**PROVIDED MATERIAL**
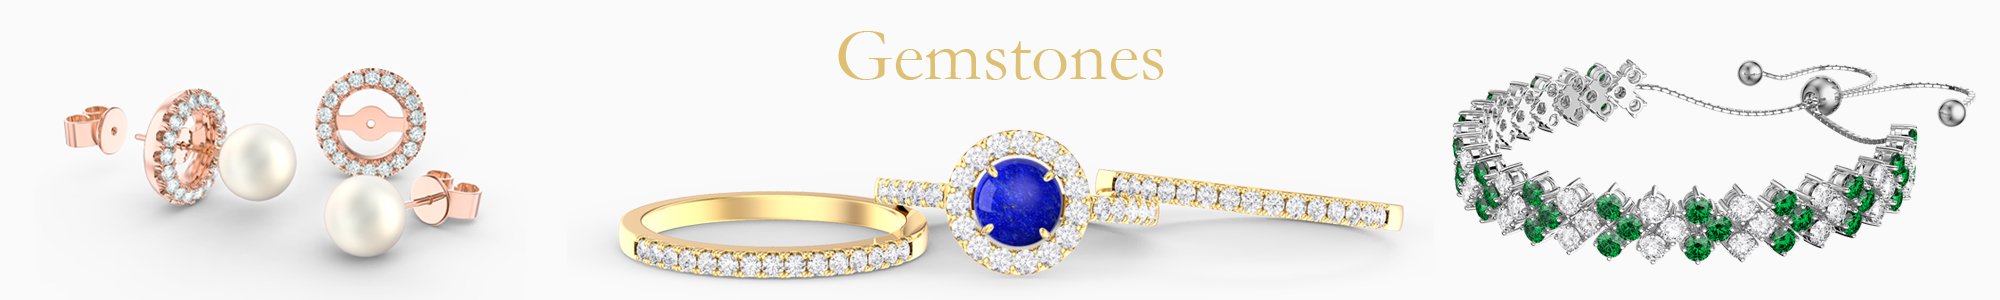 Gemstone Jewellery - from precious gemstones to Diamonds. From Silver to 18ct Gold.
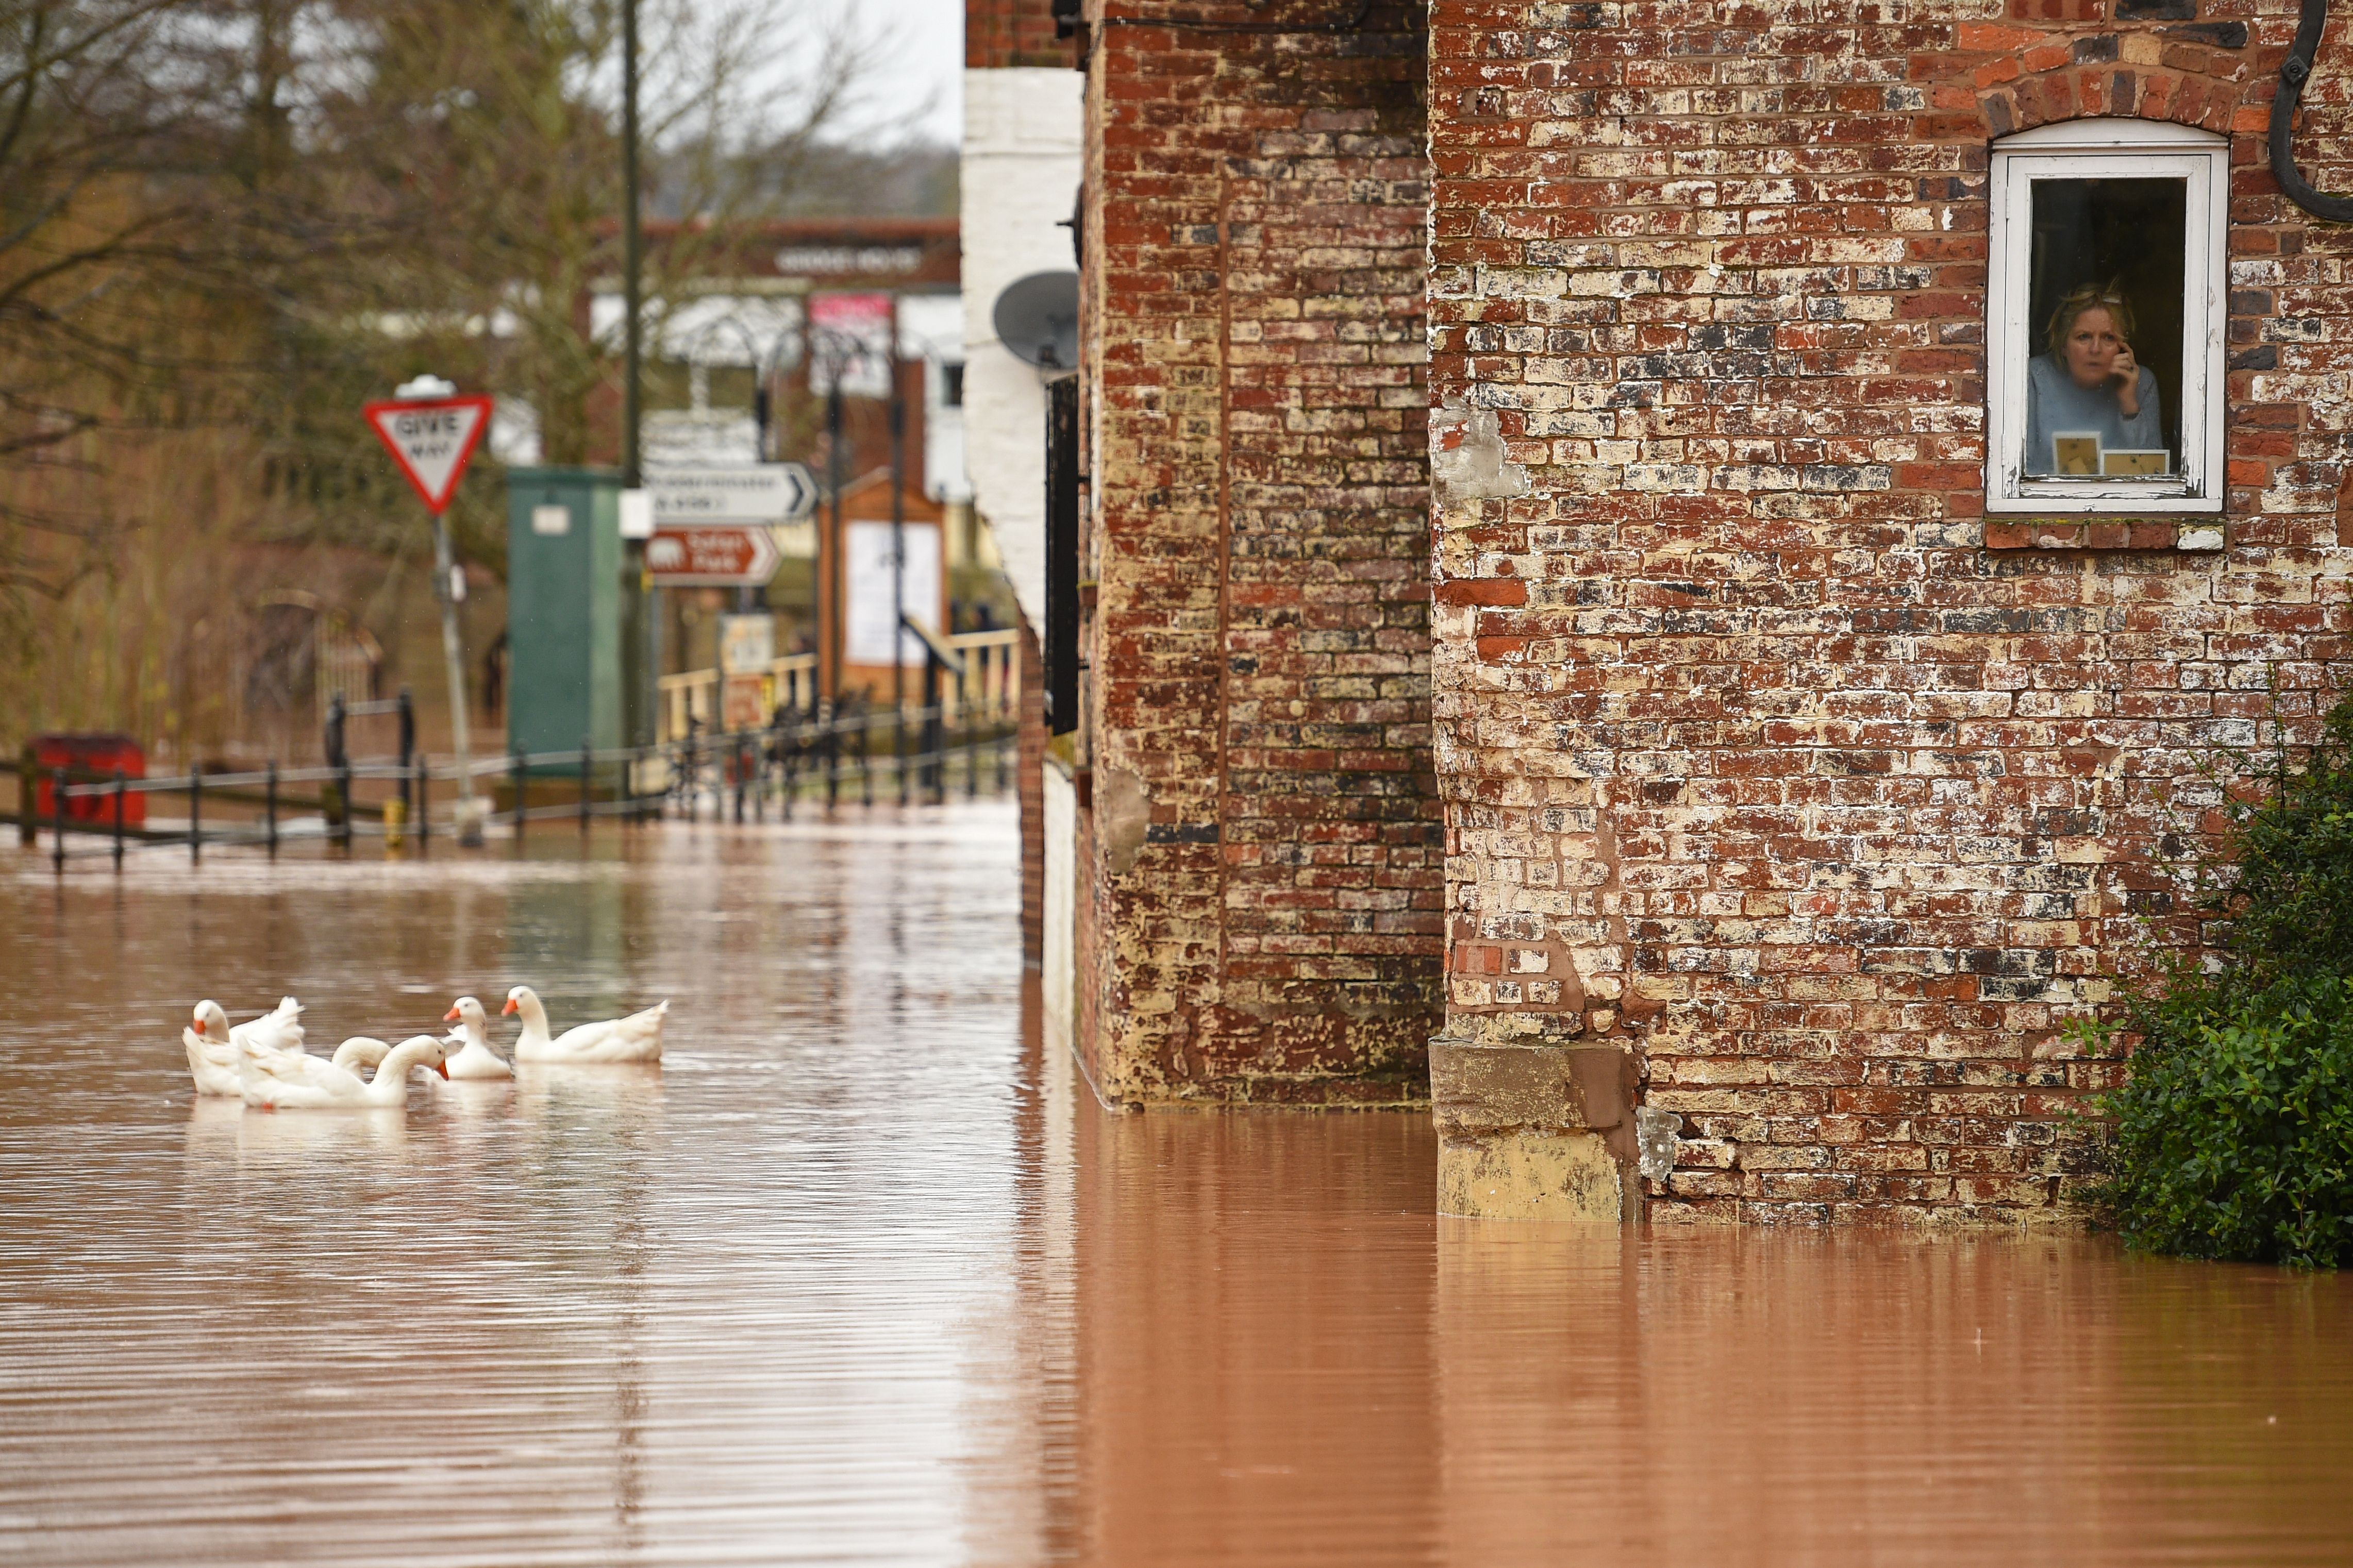 A woman looks out of her window as geese swim past in floodwater after the River Severn bursts it's banks in Bewdley, west of Birmingham on February 16
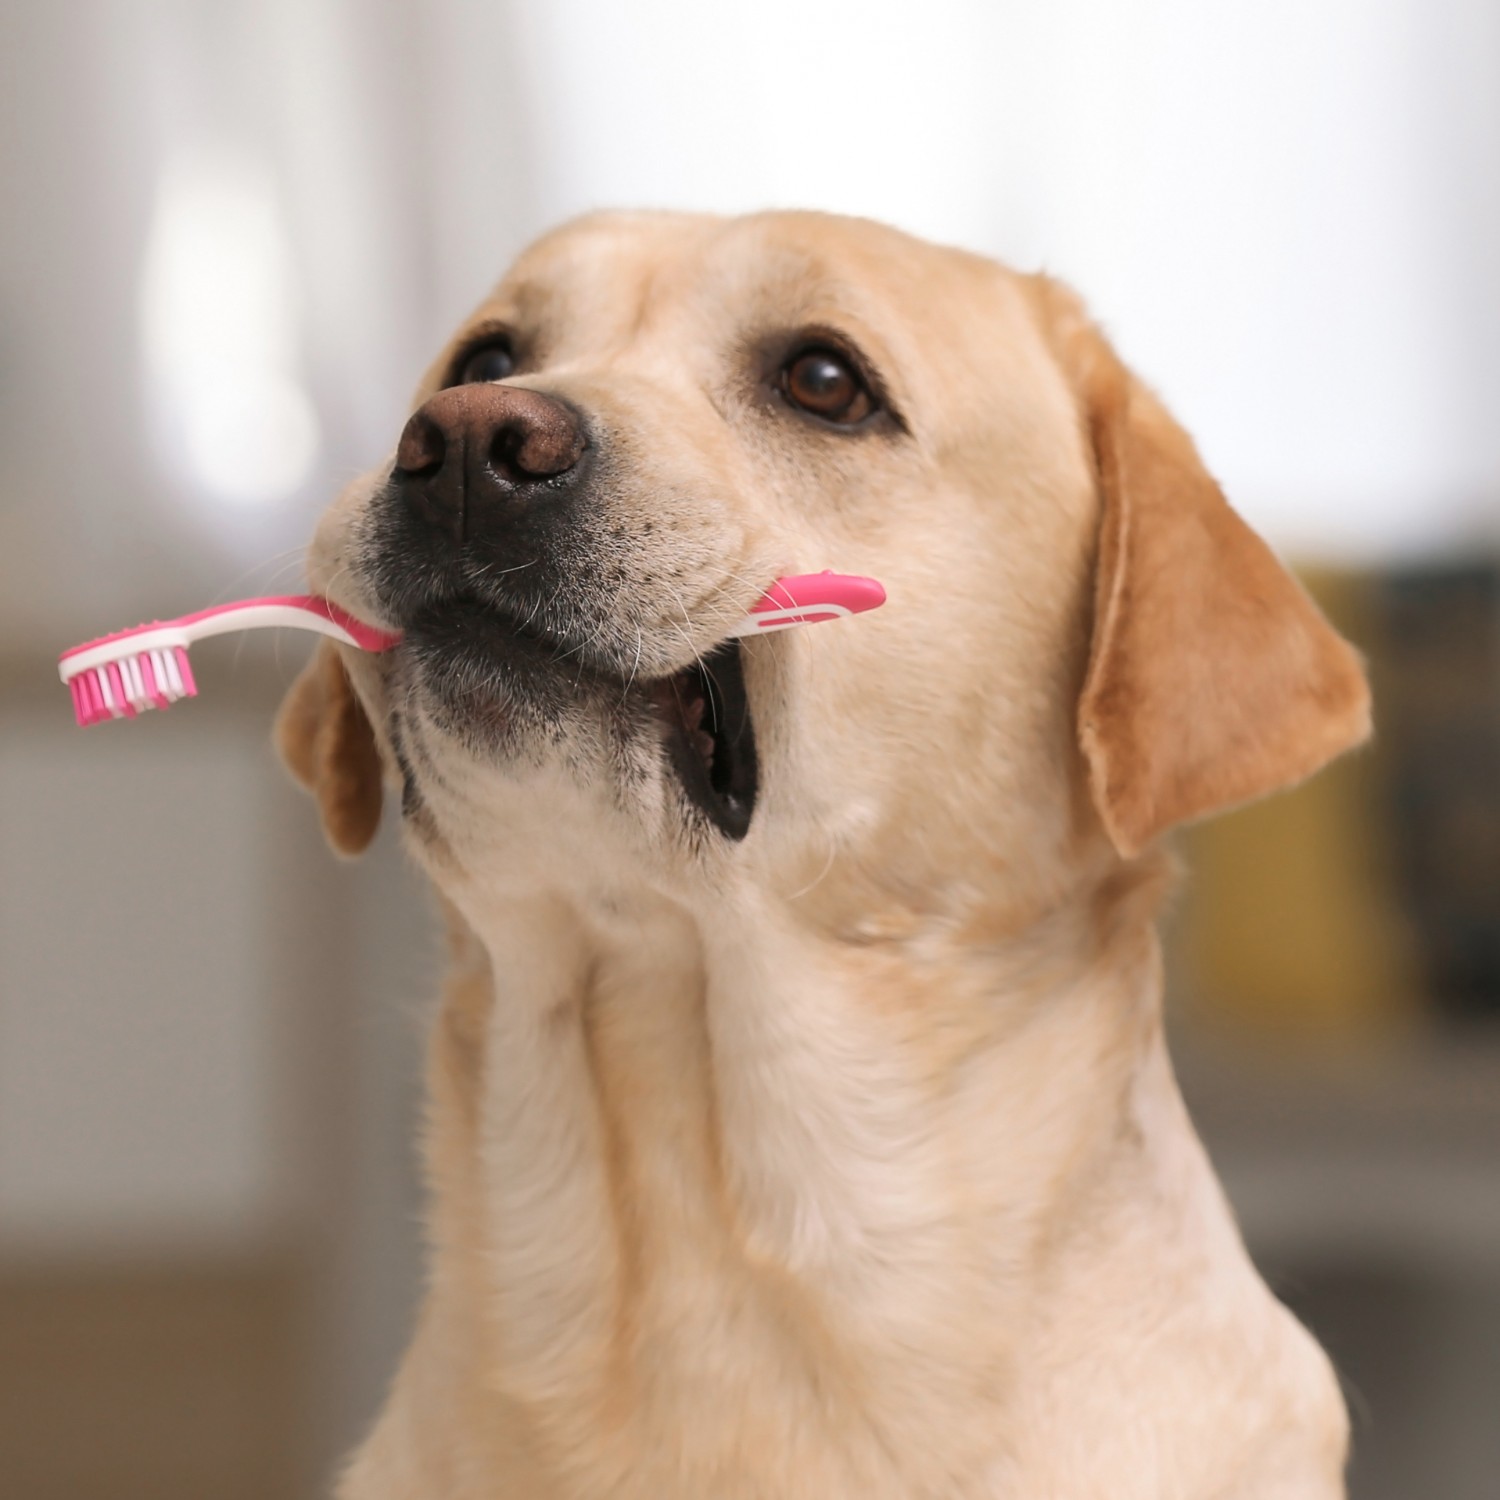 Why is dental care so important for our pets?

**WORK TO COMPLETE**
Pictures stay out; all other material above is restated word for word.

**WORKED SOLUTION**
 Gemstone Jewellery - from precious gemstones to Diamonds. From Silver to 18ct Gold.
 A woman looks out of her window as geese swim past in floodwater after the River Severn bursts it's banks in Bewdley, west of Birmingham on February 16
 Why is dental care so important for our pets?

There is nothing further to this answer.